The generated table displays the percentage values of the selected health indicator for the chosen states over the years 2016 to 2021. Each row represents a year, and each column represents the percentage value for a state. Use the Variable dropdown menu to select the health indicator you want to analyze. This format allows for easy comparison of trends over time.

Question 3:

Using the generated table, compare the trends in "Self-reported depression during pregnancy" from 2016 to 2021 for Massachusetts and Louisiana. What differences do you observe between these two states over time, and how might these trends reflect the effectiveness of mental health interventions for pregnant women in each state?

Type your answer here. Double-click to edit this cell and replace this text with your answer. Run this cell to proceed when finished.

The table in section 4.2 is helpful but has some limitations. In this subsection, we will conduct the same analysis of a single variable over time across different sites by using bar charts. This visual representation will allow us to better identify trends and differences in maternal health indicators across various states over multiple years.

Run the code cell below.

## Run the cell 
# Create a dictionary of Checkbox widgets for each site
checkboxes = {site: widgets.Checkbox(value=(site == sites_list[0]), description=site) for site in sites_list}

# Function to bundle the checkboxes into a UI component
def create_checkbox_group(checkbox_dict):
    return widgets.VBox([checkbox for checkbox in checkbox_dict.values()])

checkbox_group = create_checkbox_group(checkboxes)
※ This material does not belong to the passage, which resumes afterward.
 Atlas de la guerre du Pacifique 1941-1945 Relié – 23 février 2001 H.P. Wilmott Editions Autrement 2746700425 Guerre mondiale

# Widget setup for variable selection
var_dropdown = widgets.Dropdown(
    options= data_2016.columns,
    description = 'Variable: ',
    disabled = False
)

# Button to trigger the plot
plot_button = widgets.Button(description='Plot Data')

# Output widget for the plots
output = widgets.Output()

def on_plot_button_clicked(b):
    with output:
        output.clear_output()
        # Filter selected sites based on the checkbox states
        selected_sites = [site for site, checkbox in checkboxes.items() if checkbox.value]
        
        if not selected_sites:
            print("Please select at least one site.")
            return
     
        data_frames = [globals()[f"data_{year}"].loc[selected_sites, var_dropdown.value].rename(year) for year in range(2016, 2022)]
        data = pd.concat(data_frames, axis=1)
        
        # Transpose to get years as rows for plotting
        data = data.transpose()
        
        # Plotting
        data.plot.bar(rot=0)
        plt.legend(loc='center left', bbox_to_anchor=(1.0, 0.5))
        plt.title(f"How \"{var_dropdown.value}\" Changes Over Time")
        plt.show()

plot_button.on_click(on_plot_button_clicked)
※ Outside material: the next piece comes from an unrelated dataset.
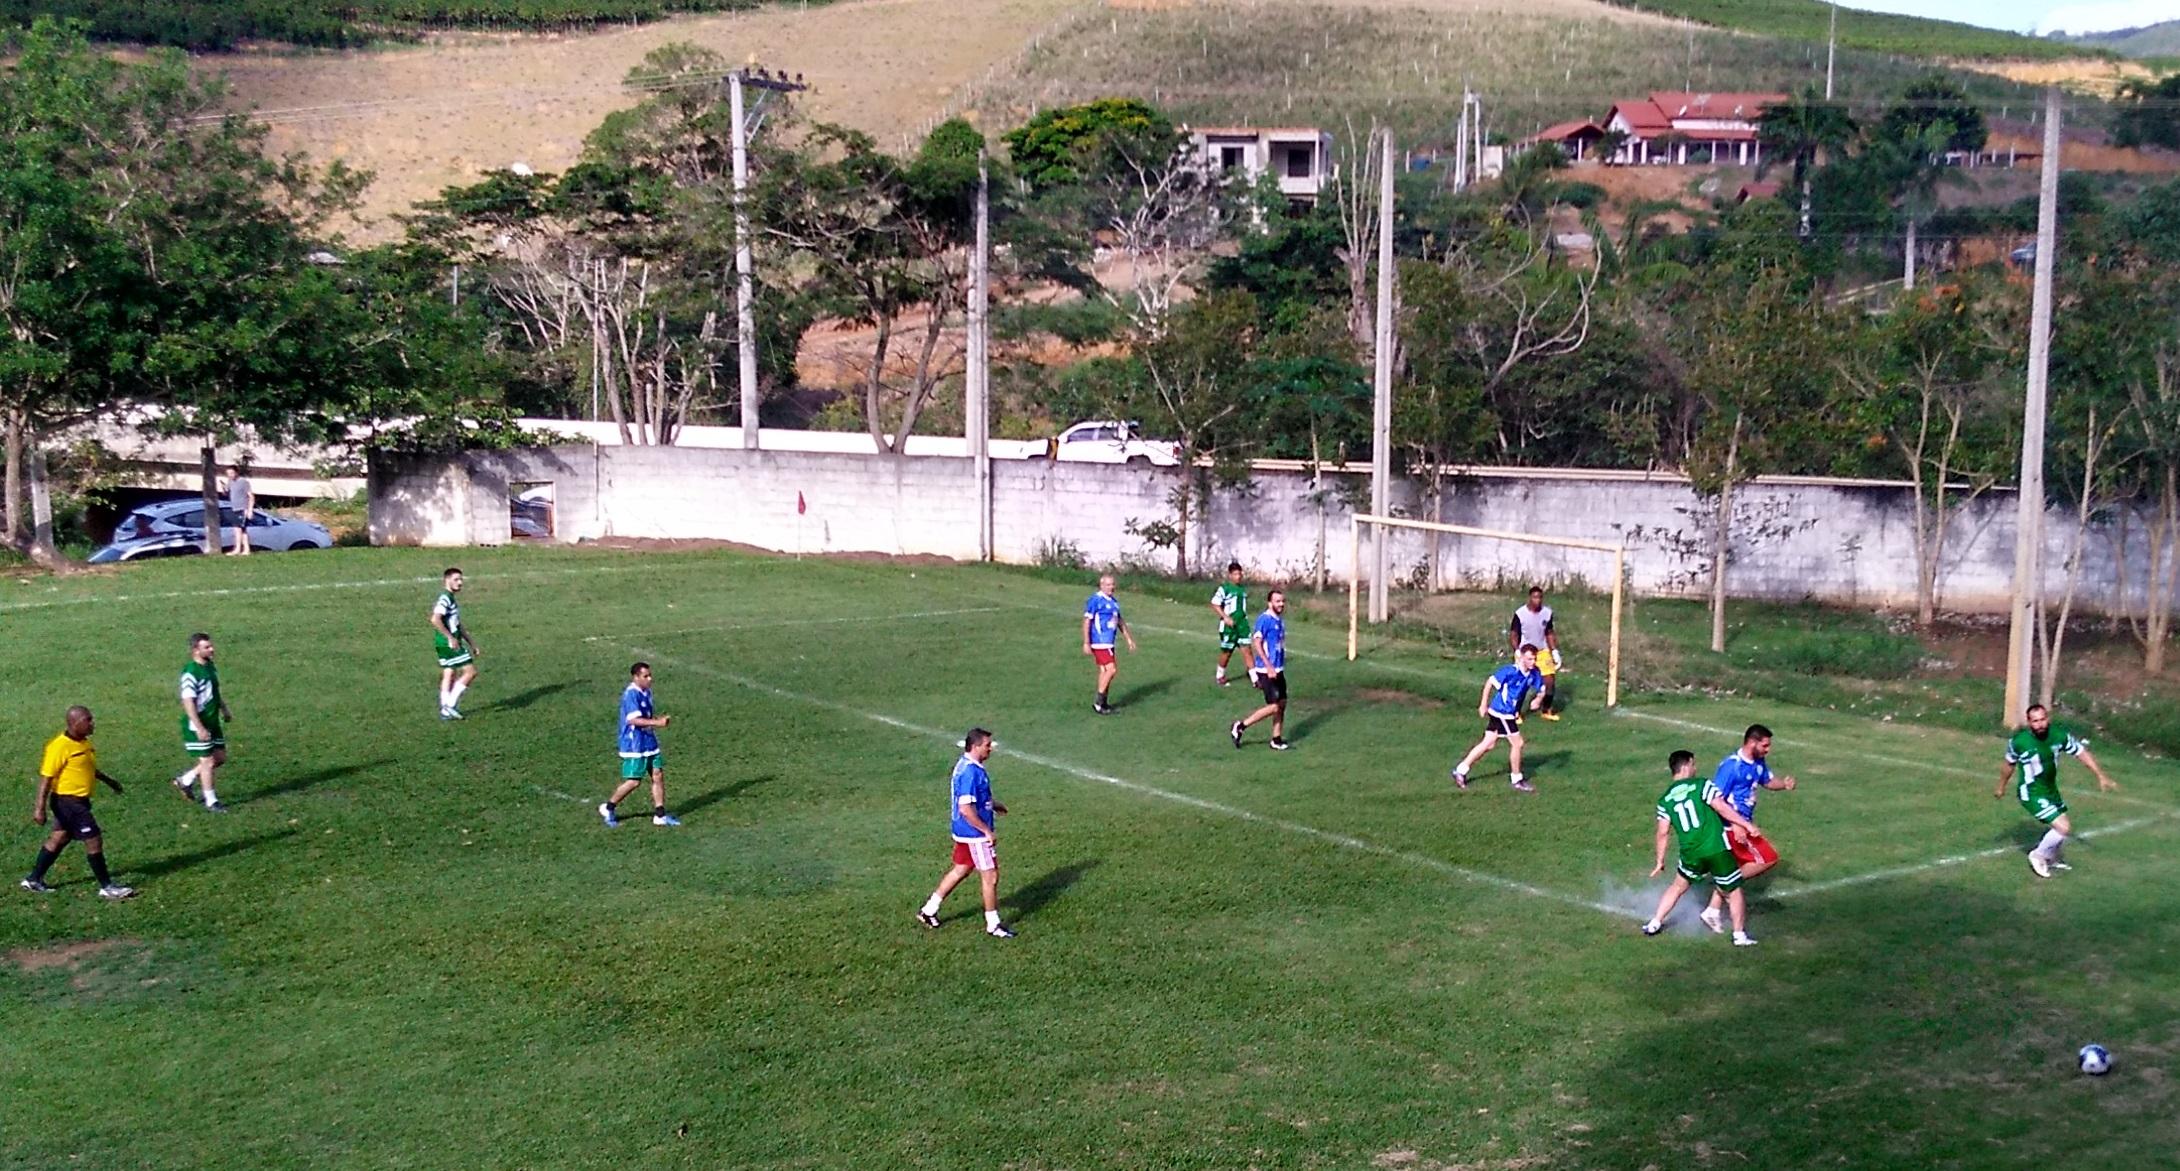 Copa Noticiário Web começa com excelente público no Clube Lago das Palmeiras

# Displaying the UI components
print("Please select site(s) and a variable, then click \'Plot Data\'")
display(widgets.VBox([checkbox_group, var_dropdown, plot_button, output]))

Instructions:

Use the checkboxes to select the states you want to compare.

Use the Variable dropdown menu to select the health indicator you want to analyze.
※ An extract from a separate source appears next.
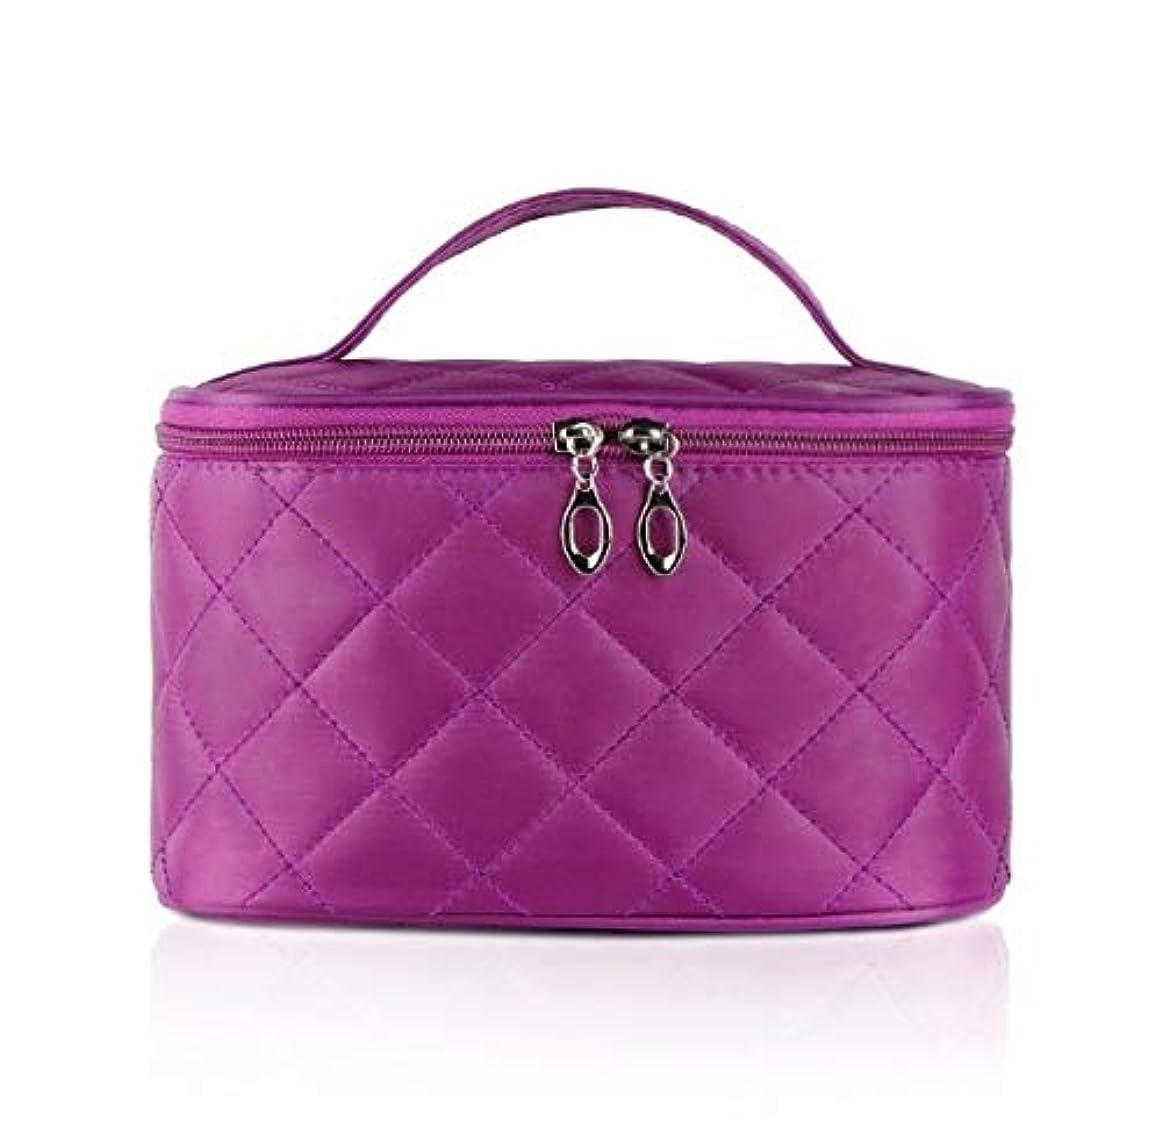 慈悲頑張るラブ化粧箱、簡単な菱形の正方形の携帯用化粧品袋、携帯用携帯用旅行化粧品の箱、美の釘の宝石類の収納箱 (Color : Purple)

Click the Plot Data button to generate the bar chart showing the changes in the selected variable over time for the chosen states.

The bar charts generated will display the percentage values of the selected health indicator for the chosen states over the years 2016 to 2021. Each bar represents the percentage for a specific year, and each group of bars represents a different state. The x-axis shows the years, while the y-axis shows the percentage values. This visual format allows for easy comparison of trends and differences in the selected health indicator over time between the states. By analyzing these charts, you can observe how maternal health behaviors and conditions have changed and identify any significant trends or patterns.

Question 4:

Using the interactive tool, select the variable Obese (BMI ≥30 kg/m2) and compare the trends from 2016 to 2021 for Colorado and Pennsylvania. What differences do you observe between these two states over time, and what might these trends suggest about the prevalence and management of obesity among pregnant women in each state?

Type your answer here. Double-click to edit this cell and replace this text with your answer. Run this cell to proceed when finished.


Congratulations! You Have Completed the Notebook!